Archive for October 12th, 2011

KG-UV3D GPS+Voice: Radio Base Interface

The Wouxun KG-UV3D has three holes along the base that capture three tabs in the battery case, with tapered edges to align the case with the contacts. After a few passes to get the dimensions right, the plate matching those features came out like this:

Base plate with tabs

Base plate with tabs

The solid model shows the edge tapering down to a single layer:

Case Tab Base - Solid Model

Case Tab Base - Solid Model

The compound taper on the corners must match both the base and the sides of the radio. The bottom plate and shell have corresponding tapers that extend across the glued joints:

Radio interface tapers

Radio interface tapers

That worked out surprisingly well, given the small dimensions and odd angles. The tabs, in particular, bumped right up against the 0.66 mm extrusion width; they’re 2.0 mm thick, so there’s barely one thread width inside the perimeter for fill. A bit of filing & slicing removed the usual enlargement at the end / start of each perimeter thread on the tabs, which is entirely acceptable for something this finicky.
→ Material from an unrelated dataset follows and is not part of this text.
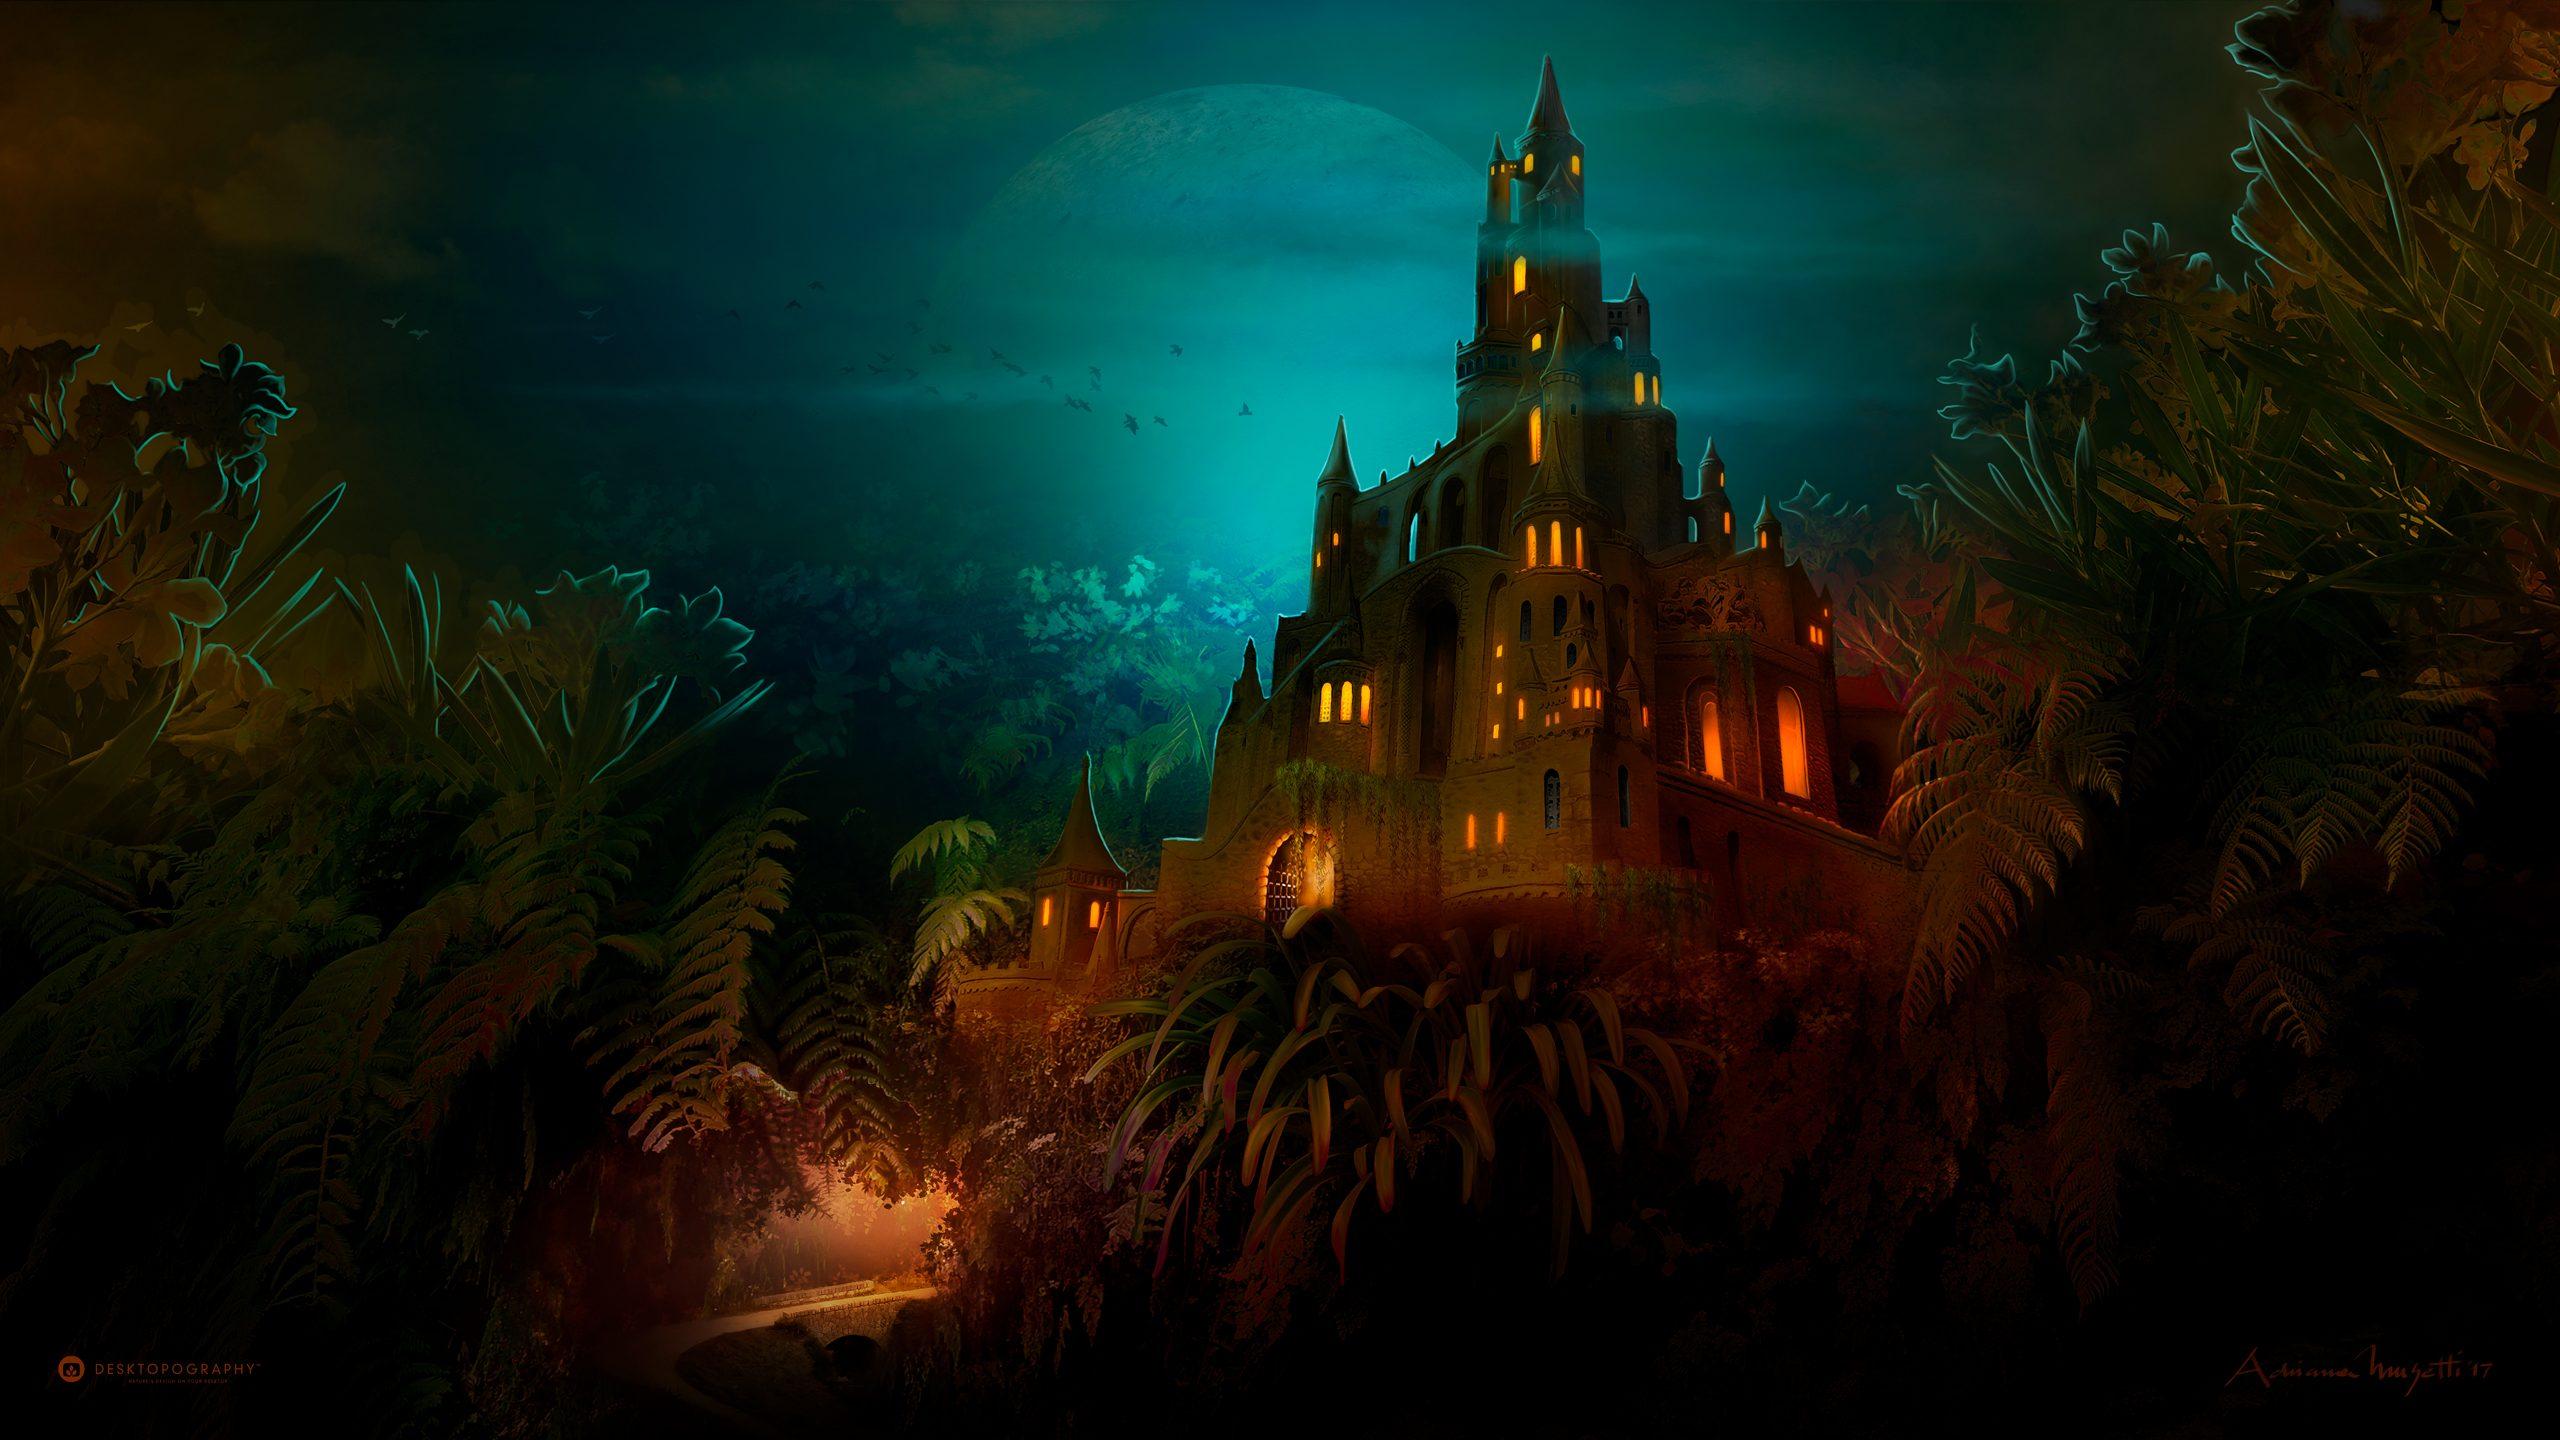 Lilliput Castle and Lilliput castle at night - Desktopography

The OpenSCAD source code with dimensions is all part of that post, but here’s the radio base shape that gets subtracted from the plate to make those tabs:

Radio Base Polygon - solid model

Radio Base Polygon - solid model

This seemed easier than adding a bunch of tiny pegs & triangles, but it’s certainly tedious working around a polygon:

module RadioBase() {

linear_extrude(height=(BaseOpeningDepth + Protrusion),center=false,convexity=5)
polygon(points=[
[-BaseOpeningMax/2,-Protrusion],

[-BaseOpeningMin/2,BaseOpeningY],
[-(BaseToothOC/2 + BaseToothBase/2),BaseOpeningY],

[-(BaseToothOC/2 + BaseToothTip/2),(BaseOpeningY - BaseToothThick)],
[-(BaseToothOC/2 - BaseToothTip/2),(BaseOpeningY - BaseToothThick)],
[-(BaseToothOC/2 - BaseToothBase/2),BaseOpeningY],

[ (BaseToothOC/2 - BaseToothBase/2),BaseOpeningY],
[ (BaseToothOC/2 - BaseToothTip/2),(BaseOpeningY - BaseToothThick)],
[ (BaseToothOC/2 + BaseToothTip/2),(BaseOpeningY - BaseToothThick)],
[ (BaseToothOC/2 + BaseToothBase/2),BaseOpeningY],
[ BaseOpeningMin/2,BaseOpeningY],

[ BaseOpeningMax/2,-Protrusion],

[ (BaseTabOC + BaseTabWidth/2),-Protrusion],
[ (BaseTabOC + BaseTabWidth/2),BaseTabThick],
[ (BaseTabOC - BaseTabWidth/2),BaseTabThick],
[ (BaseTabOC - BaseTabWidth/2),-Protrusion],

[ BaseTabWidth/2,-Protrusion],
[ BaseTabWidth/2,BaseTabThick],
[-BaseTabWidth/2,BaseTabThick],
[-BaseTabWidth/2,-Protrusion],

[-(BaseTabOC + BaseTabWidth/2),-Protrusion],
[-(BaseTabOC + BaseTabWidth/2),BaseTabThick],
[-(BaseTabOC - BaseTabWidth/2),BaseTabThick],
[-(BaseTabOC - BaseTabWidth/2),-Protrusion],
],
convexity=5
);
}

Then subtracting that shape and some inclines…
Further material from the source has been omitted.